The Ministry of Justice, the report points out, continued its calls to reform the jury system.
“Police corruption was a problem. The LNP investigated reports of police misconduct or corruption, and authorities suspended or dismissed several LNP officers. The BIN dismissed one officer for forgery, suspended four others for financial malpractice, and was investigating three others for their involvement in allowing Guineans who were suspected of carrying the Ebola virus to cross into Liberia. An LNP officer was convicted in August of drug trafficking after his arrest in November 2013 at a border checkpoint.”
However, the report notes that the government continued to take steps to improve transparency. The General Auditing Commission (GAC) audited ministries and other government agencies and sent reports to the legislature. Since 2008 the GAC had submitted more than 70 reports to the legislature, none of which were reviewed or acted upon.
The World Bank assisted the legislature in setting up the Public Accounts Committee (PAC) Secretariat, a technical committee staffed by accountants and other auditing
experts, which was charged with reviewing the backlog of GAC reports and recommending appropriate action to the legislature. The PAC conducted public hearings, reviewed seven audit reports in 2013, and submitted its findings and recommendations to both houses of the legislature.
The legislature endorsed those recommendations and forwarded them to the Office of the President, but none was acted upon. The PAC conducted four additional audit reports in February but by year’s end had not submitted its findings and recommendations to the legislature.

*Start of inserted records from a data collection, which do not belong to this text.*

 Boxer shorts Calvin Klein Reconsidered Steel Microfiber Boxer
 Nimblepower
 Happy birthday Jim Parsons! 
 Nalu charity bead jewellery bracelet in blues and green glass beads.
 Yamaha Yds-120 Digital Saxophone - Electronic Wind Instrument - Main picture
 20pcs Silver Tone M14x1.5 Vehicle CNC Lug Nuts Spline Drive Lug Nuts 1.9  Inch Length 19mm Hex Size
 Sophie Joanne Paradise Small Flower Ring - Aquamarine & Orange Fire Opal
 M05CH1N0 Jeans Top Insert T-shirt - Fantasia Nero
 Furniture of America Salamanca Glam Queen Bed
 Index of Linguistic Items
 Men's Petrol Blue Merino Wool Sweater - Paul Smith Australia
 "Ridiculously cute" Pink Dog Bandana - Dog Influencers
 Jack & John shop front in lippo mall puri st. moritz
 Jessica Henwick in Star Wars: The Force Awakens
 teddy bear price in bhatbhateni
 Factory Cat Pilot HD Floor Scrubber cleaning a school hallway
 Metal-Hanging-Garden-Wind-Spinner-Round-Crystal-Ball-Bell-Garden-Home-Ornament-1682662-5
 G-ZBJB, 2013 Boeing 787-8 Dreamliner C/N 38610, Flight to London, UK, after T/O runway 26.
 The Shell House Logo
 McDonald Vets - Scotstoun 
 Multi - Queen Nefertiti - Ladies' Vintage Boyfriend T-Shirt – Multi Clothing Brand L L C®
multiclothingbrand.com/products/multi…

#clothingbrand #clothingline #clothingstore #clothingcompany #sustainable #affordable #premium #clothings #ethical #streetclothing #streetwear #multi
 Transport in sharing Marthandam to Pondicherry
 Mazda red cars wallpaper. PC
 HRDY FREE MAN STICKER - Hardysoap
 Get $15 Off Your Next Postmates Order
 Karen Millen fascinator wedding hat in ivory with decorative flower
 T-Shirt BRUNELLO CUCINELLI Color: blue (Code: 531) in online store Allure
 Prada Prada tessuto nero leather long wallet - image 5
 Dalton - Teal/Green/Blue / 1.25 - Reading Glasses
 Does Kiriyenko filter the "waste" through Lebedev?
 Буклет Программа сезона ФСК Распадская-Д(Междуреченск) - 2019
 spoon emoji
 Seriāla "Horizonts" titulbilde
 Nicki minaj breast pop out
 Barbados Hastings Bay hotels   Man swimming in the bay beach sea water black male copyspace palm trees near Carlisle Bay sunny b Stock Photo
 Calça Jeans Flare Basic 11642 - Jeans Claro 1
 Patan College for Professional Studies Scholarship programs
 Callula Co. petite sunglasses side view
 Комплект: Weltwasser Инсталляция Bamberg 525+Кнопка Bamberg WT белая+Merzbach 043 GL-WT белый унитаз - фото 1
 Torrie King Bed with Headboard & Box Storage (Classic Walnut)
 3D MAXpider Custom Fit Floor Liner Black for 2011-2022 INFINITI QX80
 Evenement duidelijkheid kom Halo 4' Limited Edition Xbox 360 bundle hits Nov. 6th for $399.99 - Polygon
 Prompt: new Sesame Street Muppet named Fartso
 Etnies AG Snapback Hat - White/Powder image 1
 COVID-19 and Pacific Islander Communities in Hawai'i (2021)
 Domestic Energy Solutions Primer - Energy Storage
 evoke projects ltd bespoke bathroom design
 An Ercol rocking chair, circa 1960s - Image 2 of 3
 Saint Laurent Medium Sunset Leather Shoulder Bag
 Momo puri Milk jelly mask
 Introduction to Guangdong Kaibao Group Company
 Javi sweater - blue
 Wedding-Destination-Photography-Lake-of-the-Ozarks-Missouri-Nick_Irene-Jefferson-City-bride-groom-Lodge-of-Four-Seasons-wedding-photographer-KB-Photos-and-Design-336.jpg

“Financial Disclosure: President Sirleaf issued an executive order in 2012 requiring executive branch officials to make mandatory financial disclosures and declare their assets to the LACC. In 2013 the LACC initiated an asset verification process to review the declarations and summarized its findings of discrepancies and instances of unexplained wealth.
The LACC was not required to release the contents of individual declarations, and it released only aggregate information about officials’ cooperation and overall compliance. In September, under the new code of conduct, the president suspended for one month three officials who failed to declare their assets and required that they each forfeit a month’s salary.”
The report recalls that this followed her suspension of 40 ministers and deputy ministers earlier in the year for the same reason.
“During the year, the Ministry of Finance published the national budget and quarterly financial results, and individual state-owned enterprises published their financial statements. Many of these enterprises had not been audited for several years. Short-term advisors continued to support the ministry and other government entities in efforts to improve financial management, purchasing procedures, and contracting practices.
They helped institute financial controls that increased government revenues and helped to curb corrupt practices. Government ministries and agencies often did not adhere to public procurement regulations, particularly for natural resource concessions, or to government vetting procedures when hiring ministry officials. Concerns remained about the transparency of the finances of the state-owned enterprises and autonomous bodies.”
“Public Access to Information: The law provides that the government release upon request government information not involving national security or military issues. Some transparency advocates, including the head of the LACC, suggested that legislators amend the law to provide citizens better access in order to verify government funds were properly spent and accounted for.
In 2013 a local NGO sued and won a case against the LACC for failing to provide access to an executive branch official’s asset declaration data. The case was under appeal at year’s end,” the report among other things adds.